A Decision tree is a supervised machine learning algorithm that is very popular because of its logic of the predictions. Most of the boosting algorithms are built based on decision trees. A decision tree is a tree-like algorithm that starts with a root node all the way to the leaves which are the output values. On each node, the model decides about the splitting of the dataset and forms a tree-like structure. The accuracy of the model is defined by many factors and one of them is the depth of the decision tree. We will explore the depth of the decision tree and will see how it affects the accuracy of the model.
Formation of Decision Tree
Before going to understand what is the depth of the decision tree, we need to understand the decision trees themselves and the formation of the decision tree. A Decision tree is a machine learning algorithm, that is used for both classification and regression problems.
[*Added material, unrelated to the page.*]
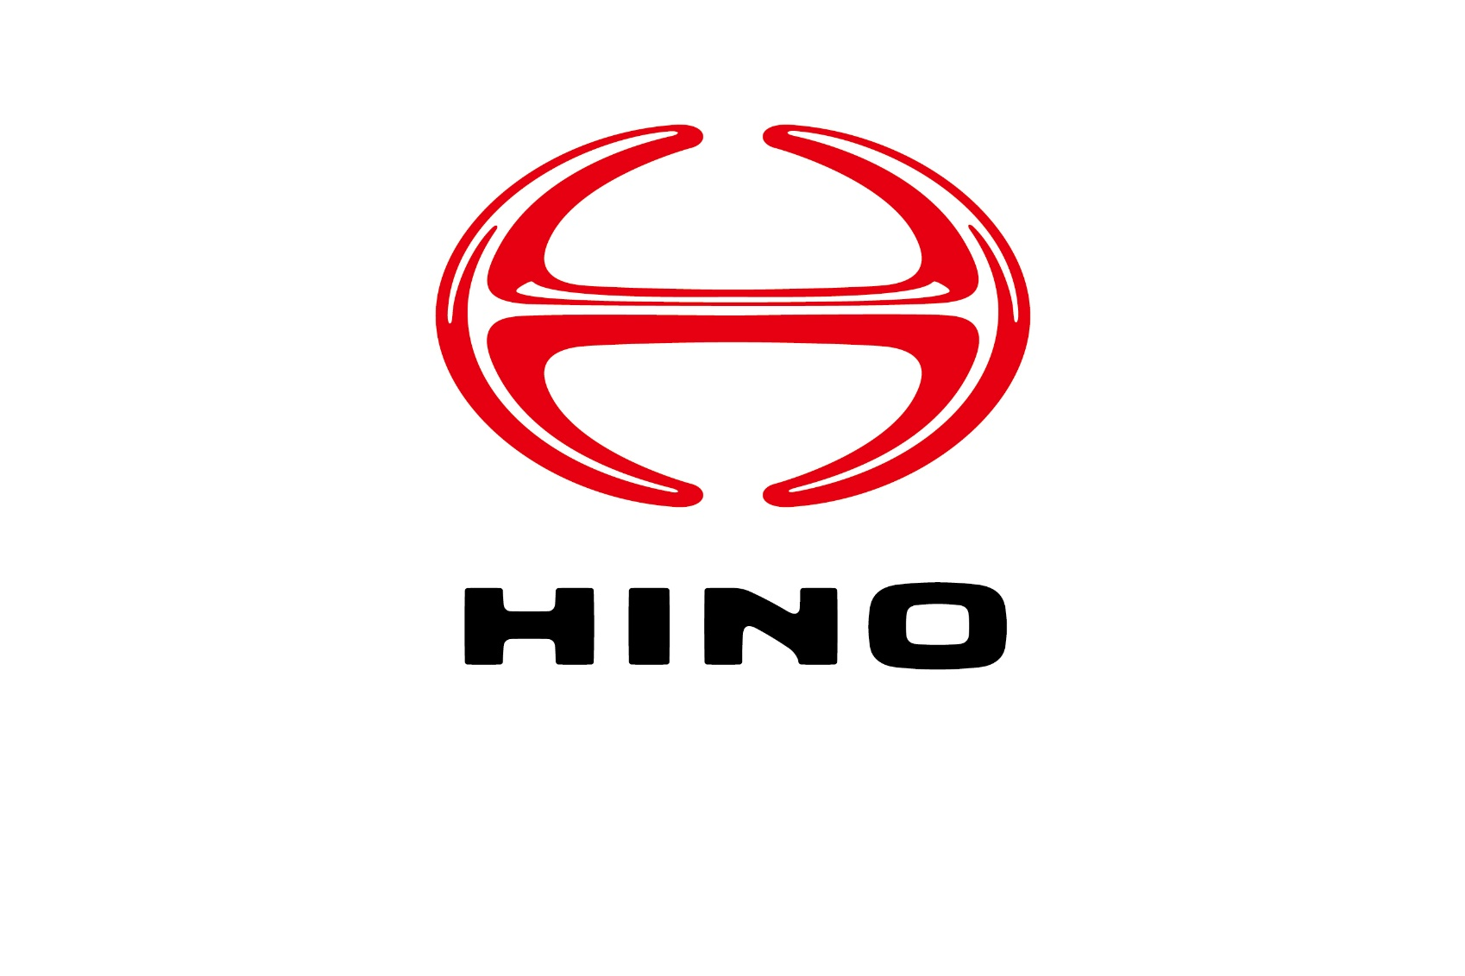 Hino's New Corporate Philosophy: The "HINO Way"

One thing to note is that it is a supervised machine learning algorithm which means it takes the training dataset to understand the relation between input and output variables and the prediction based on the input values.
A simple decision tree looks like this:
If you are interested in learning how to visualize decision trees, then go to the article about visualization of decision trees.
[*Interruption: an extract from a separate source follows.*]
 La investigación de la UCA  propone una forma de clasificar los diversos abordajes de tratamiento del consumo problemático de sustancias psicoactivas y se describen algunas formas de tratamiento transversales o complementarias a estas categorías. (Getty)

What is the Depth of the Decision Tree
The depth of the Decision tree is the total number of layers in the tree. In other words, a decision tree with depth one will have one node and then leaves. A decision tree with depth 2 will have one extra layer in between the root node and leaves making it a total of two. A simple definition of the depth of the decision tree is the length of the longest path from a root to a leaf.
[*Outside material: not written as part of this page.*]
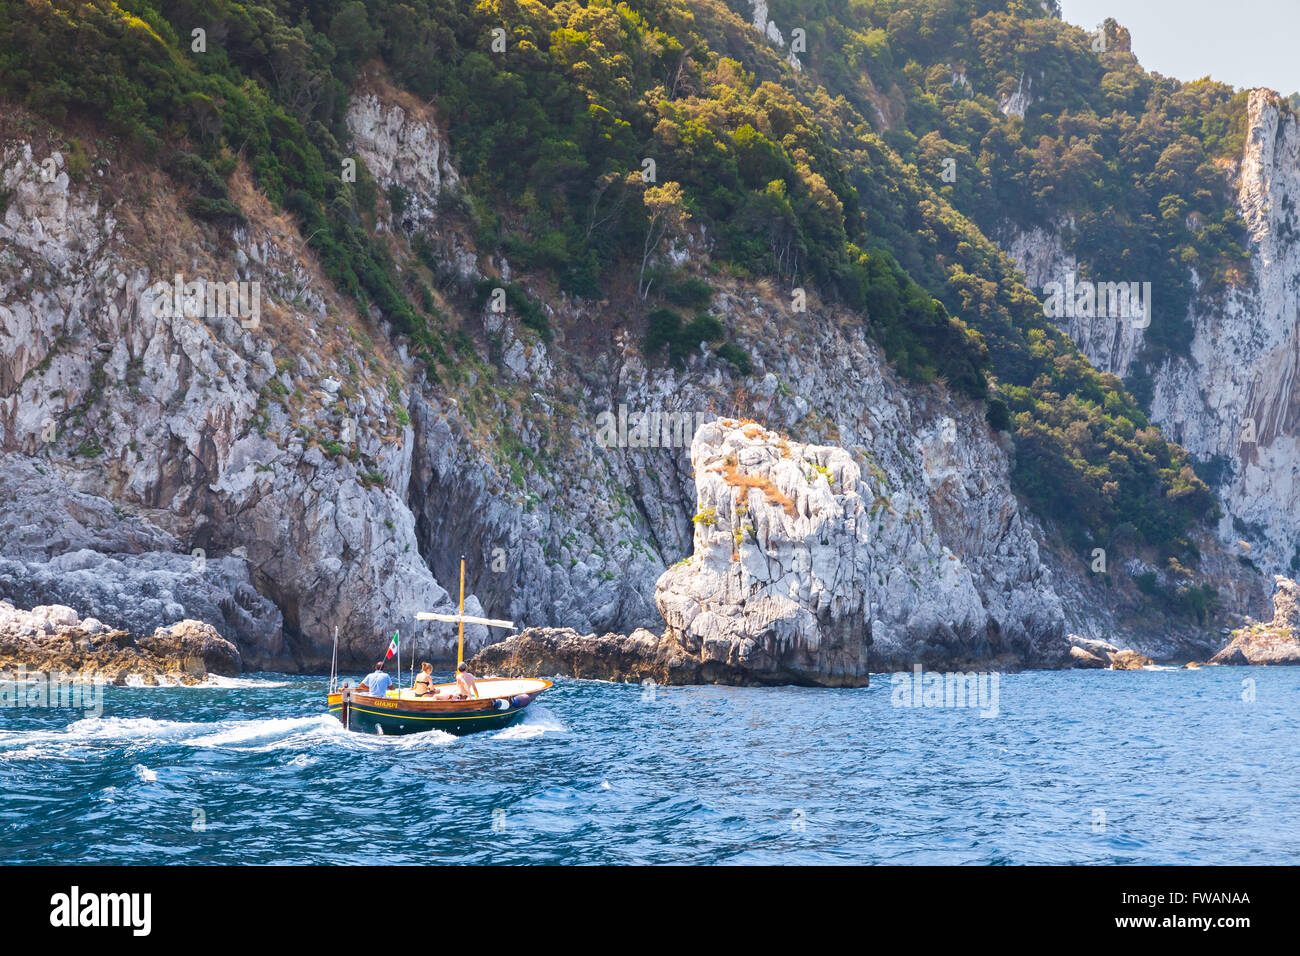 Capri, Italia - 14 agosto 2015: piccolo piacere motoscafo con i normali turisti andare vicino a rocce costiere di isola di Capri, Italia Foto Stock

In the Sklearn module, the max_depth parameter is used to set the value for the depth of the decision tree. If this value is not set to a specific value, then the tree will be formed until all leaves are pure.
What are the Other Parameters of the Decision Tree?
A decision tree has various parameters that all contribute to making it one of the best decision-making algorithms. Here is a list of all the possible parameters that a decision tree takes.
- Tree instance
- The number of outputs
- Max features
- Class weight
- min impurity
- max-leaf node
- random state
- min weight fraction in leaf
- min sample in leaf
- min sample in the split
- max depth
Decision trees are supposed to be one of the most important and fundamental algorithms in machine learning as they are the foundation of boosting algorithms. The decision trees have given birth to many important models like random forests, extra tree regressors, and boosting algorithms. Here we learned one of the parameters of the decision tree known as the depth of the tree.